Заскрипел пол, Иван обернулся. Из боковой двери вывалили мал мала – не то четверо, не то пятеро лохматых детей: три мальчика и две девчонки. Женщина молодая появилась из сеней.

– Хлопца чужого присыновили, – сказала старуха. – А куды деться-то? – И она указала в окно на бледного мальчика, которого Иван увидел на улице.

Появился, поскрипывая рыжими сапогами, пожилой мужчина в стеганке и ватных брюках. Пегая скомканная борода его знаком вопроса выглядывала из-под отворотов. Присел около порога, сказал отвлеченно:

– Ох, беда, беда! – и осмотрел пришедших подозрительно.

Иван поднялся, молча кивнул Шуре на дверь.

Мальчик, как тень, вошел в это время в комнату, грустно посмотрел в глаза Ивану, словно силился вспомнить что-то, но не мог. Этот недетский взгляд смутил Ивана. Выходя, старался не оглянуться на него, но чувствовал, что не может не сделать этого. Он оглянулся – мальчик смотрел на него.

Шура попросила Ивана, крупно шагавшего прочь:

– Немножко потише.

…Мальчишка догнал их далеко за селом, в редком осиннике.

Он, видимо, бежал, запыхался, старую кепчонку комкал в руках, немытые волосы репьем лезли в глаза, закрывая уши.

Некоторое время шагал в отдалении, потом боязливо приблизился, позвал робко:

– Дядя, а дядь?

– Что тебе?

– Возьмите с собой. Дяденька, возьмите!

– Не чепуши! – прикрикнул Иван. – Вернись сейчас же домой. Что ты придумал?

Мальчик подошел ближе, прижал к груди тонкие руки. Он страшно побелел, губы дрожали, но слез в глазах не было, в них тлел сухой огонь, и с решимостью прошептал:

– Ей-боженьки, могу всякую работу, только возьмите, я все вам мигом, я работы не гнушаюсь. Я уже всякую спытал! Дя-де-енька-а! – вдруг вскрикнул он высоким, горловым голосом: – Некуды назад-то. Возьми, товарищ! Им самим как жить? Сами еле прокормются, – он всхлипнул.
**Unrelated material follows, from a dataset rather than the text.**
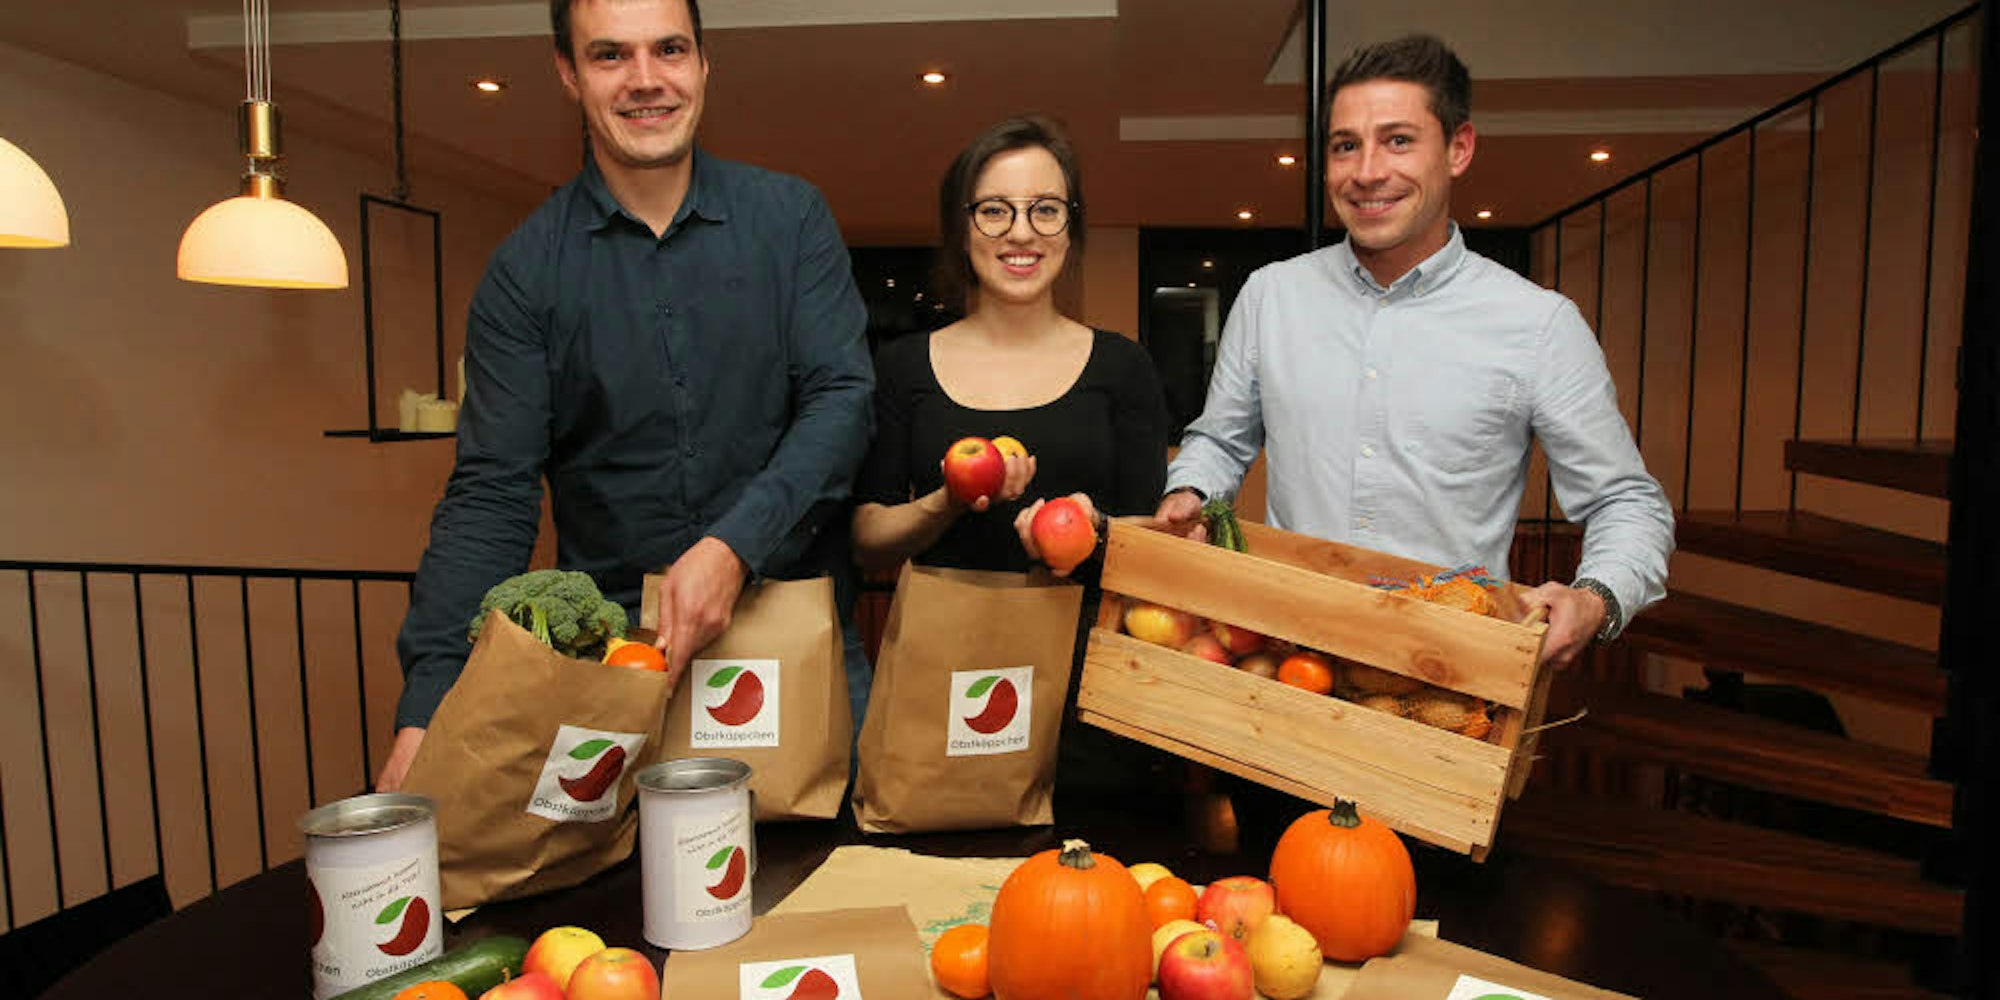 Obstkäppchen der ersten Stunde: (v. l.) Johannes Radschinski, Carina Raddatz und Christopher Kossack wollen im Dezember mit ihren Obstlieferungen beginnen.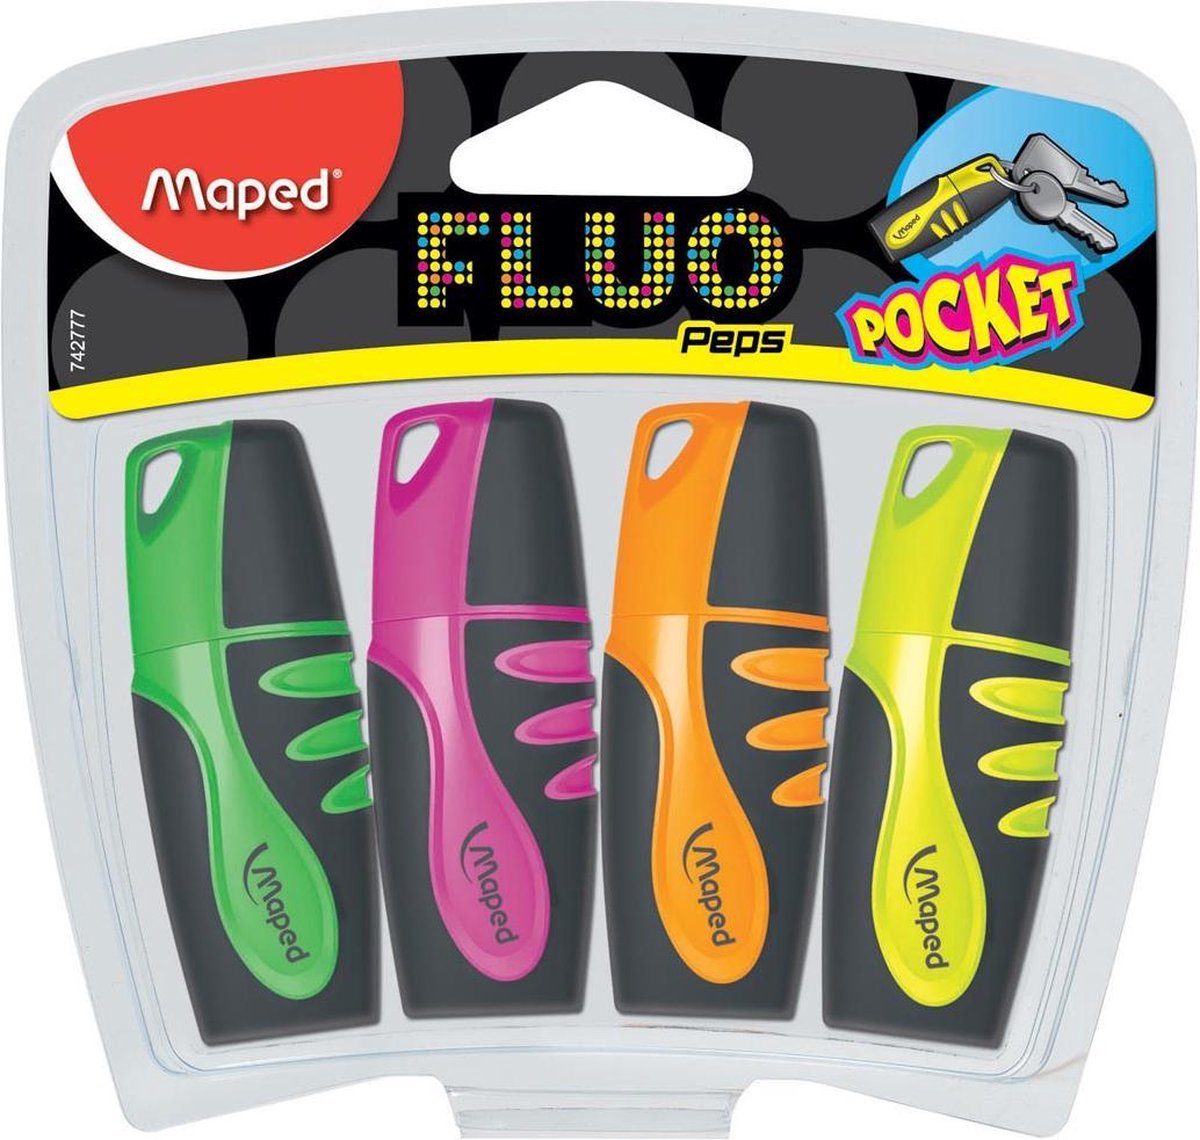 Surligneur fluo peps pen maped-couleurs assorties

– У нас у самих ни кола ни двора, – сказал Иван.

Мальчик уже весь дрожал, точно в лихорадке, но было видно, что он как-то пытается взять себя в руки.

– Дядя не муж этой женщины?

– Не, на квартире у него. – Глядя далеко в поле, хватаясь за последнюю возможность, мальчик сказал невыносимо тоскливо: – Могу, дядь, сапоги чинить.

Шура посмотрела мальчику в худое лицо и моргнула ему: мол, ничего, проживем. Иван поглядел в направлении взгляда мальчика, за поле. Потом, махнув рукой, нерешительно и молча пошел. Шура, не оглядываясь, семенила за ним следом. На повороте дороги она не выдержала, торопливо оглянулась. Мальчишка все двигался на отдалении. Остановились. Стал и он, топтал снег худыми ботинками. Пошли снова молча. Так прошагали с километр. Обогнала, подвывая мотором, полуторка. В кузове колотились пустые железные бочки. В кабине сидел мужчина с озабоченным лицом, думал какую-то думу.

Иван снял шапку, вытер ею вспотевшее лицо, ждал. Мальчик робко приближался. Его крохотная, сжавшаяся фигурка походила на щенячью.

Зашагали дальше втроем, точнее – вчетвером, потому что одного несли, как не умеющего еще ходить по земле.

XVI

Впереди по горизонту вороньим крылом наползала туча. Левей, в сторону лесов, к земле припадало другое мутное крыло – вихрился снег. Темнело. В правой части неба, ранние и бледные, глянули звезды. Пора было думать о ночлеге. Продрогли, проголодались.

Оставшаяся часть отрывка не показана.